佛羅倫斯必看鎮館之寶:米開朗基羅《大衛像》介紹|Michelangelo’s David

by RosyArts

站在米開朗基羅的《大衛像》前,第一個感受通常不是「完美」,而是壓迫感:這座高達 5.17 公尺、重約 5,560 公斤的裸體青年,垂著手臂,原本要放上聖母百花大教堂,最後卻站到佛羅倫斯政府門前,從《聖經》英雄變成共和國的自由象徵。這篇就從大衛與歌利亞的故事、雕像誕生背景、搬運與受損史,一路拆解米開朗基羅如何用姿勢、視線、比例與大理石表面,把「勝利」雕刻在真正出手之前!

大衛像 資訊一覽表

項目資訊
作品名稱《大衛》(David;義大利文常稱 Il David di Michelangelo)
藝術家米開朗基羅(Michelangelo Buonarroti,1475–1564)
創作年代1501–1504 年
藝術時期義大利文藝復興
主題《舊約聖經》中的大衛(迎戰歌利亞之前的瞬間)
材質卡拉拉白色大理石
技法單一大理石塊圓雕
尺寸含雕刻底座高 517 公分
重量約 5,560 公斤
原始委託者聖母百花大教堂工程局(Opera di Santa Maria del Fiore),由佛羅倫斯羊毛業行會監督
原定位置佛羅倫斯主教座堂外部高處的扶壁/講壇區
首次公開位置舊宮(Palazzo Vecchio)入口,1504 年 9 月 8 日正式揭幕
現藏地義大利佛羅倫斯學院美術館(Galleria dell’Accademia di Firenze)

大衛像 故事與起源

聖經裡以弱勝強的牧羊少年

《大衛像》的故事出自《撒母耳記上》第 17 章。以色列人與非利士人交戰時,非利士巨人歌利亞天天出陣挑戰,沒有人敢應戰。年輕的大衛原本只是替父親送食物到軍營的牧羊人,卻自願迎敵。他拒絕穿上掃羅王不合身的盔甲,只帶牧杖、投石帶,以及從溪中挑出的五顆光滑石子。

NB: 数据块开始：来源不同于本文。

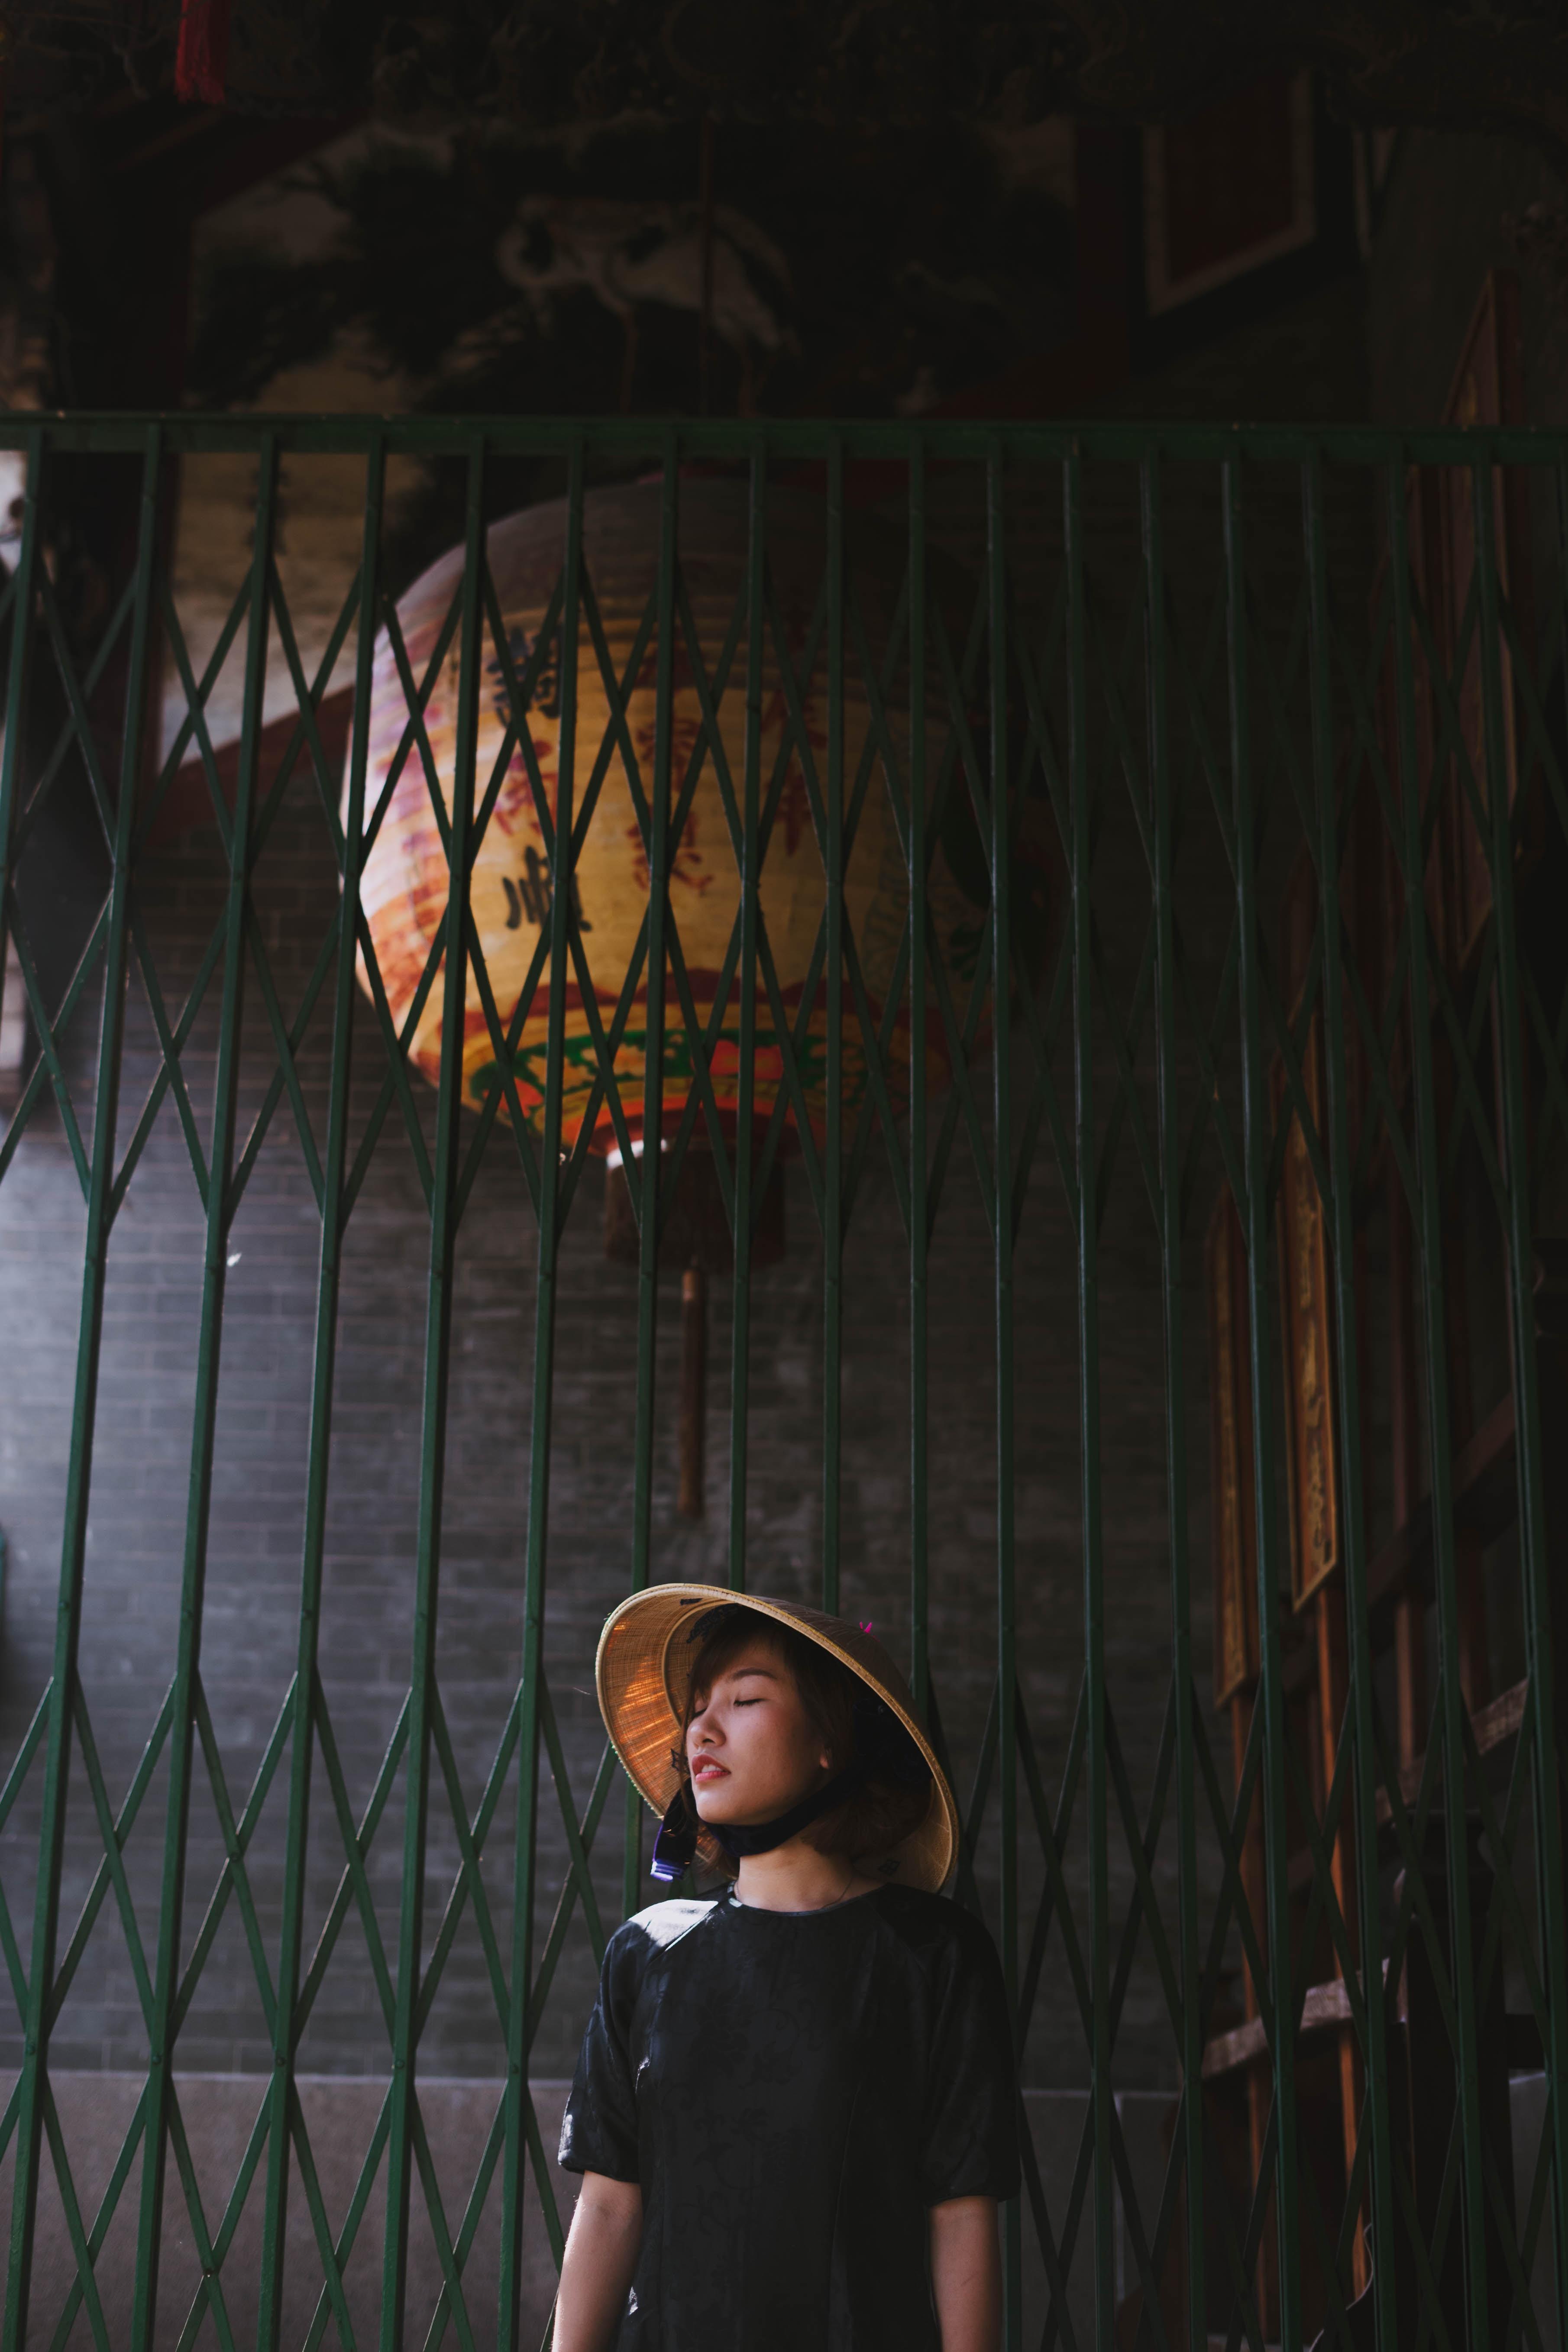 woman wearing brown bamboo hat standing near metal gate

大衛以投石帶擊中歌利亞額頭,使巨人倒地,接著用歌利亞自己的劍取下他的首級。這個故事之所以在基督教與佛羅倫斯政治、文化中反覆出現,不只因為精彩,而是因為大衛代表一種非常清楚的價值:力量不必來自身材與武器,也可能來自信念、判斷和勇氣。

佛羅倫斯早已把大衛當成自己

米開朗基羅並不是第一個替佛羅倫斯雕刻大衛的人。早在 1408 年,當時只有二十出頭的多納太羅(Donatello),便曾接受聖母百花大教堂工程局委託,製作一尊約 191 公分高的大理石《大衛》,作品原本也預定放在大教堂外部高處,卻沒有依照最初計畫長期陳列。

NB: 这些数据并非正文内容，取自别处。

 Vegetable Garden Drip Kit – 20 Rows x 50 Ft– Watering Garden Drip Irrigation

1416 年,佛羅倫斯共和政府接收這尊雕像,要求多納太羅重新修改,並把它移進舊宮(Palazzo Vecchio)。雕像底座還配上一段帶有政治意味的拉丁文銘文,大意是:「為祖國勇敢作戰的人,即使面對最可怕的敵人,也會得到神明援助。」大衛就這樣從《聖經》英雄,正式變成保衛佛羅倫斯的公共象徵。

後來,多納太羅又製作了更加著名的青銅《大衛》:裸體少年低頭站在歌利亞首級上,姿態優雅而帶有曖昧氣質。韋羅基奧(Andrea del Verrocchio)也創作過一尊穿著短衣、身形纖細的青銅大衛。兩件作品都呈現戰鬥結束後的勝利者,米開朗基羅則完全省略歌利亞,選擇勝負尚未決定的時刻。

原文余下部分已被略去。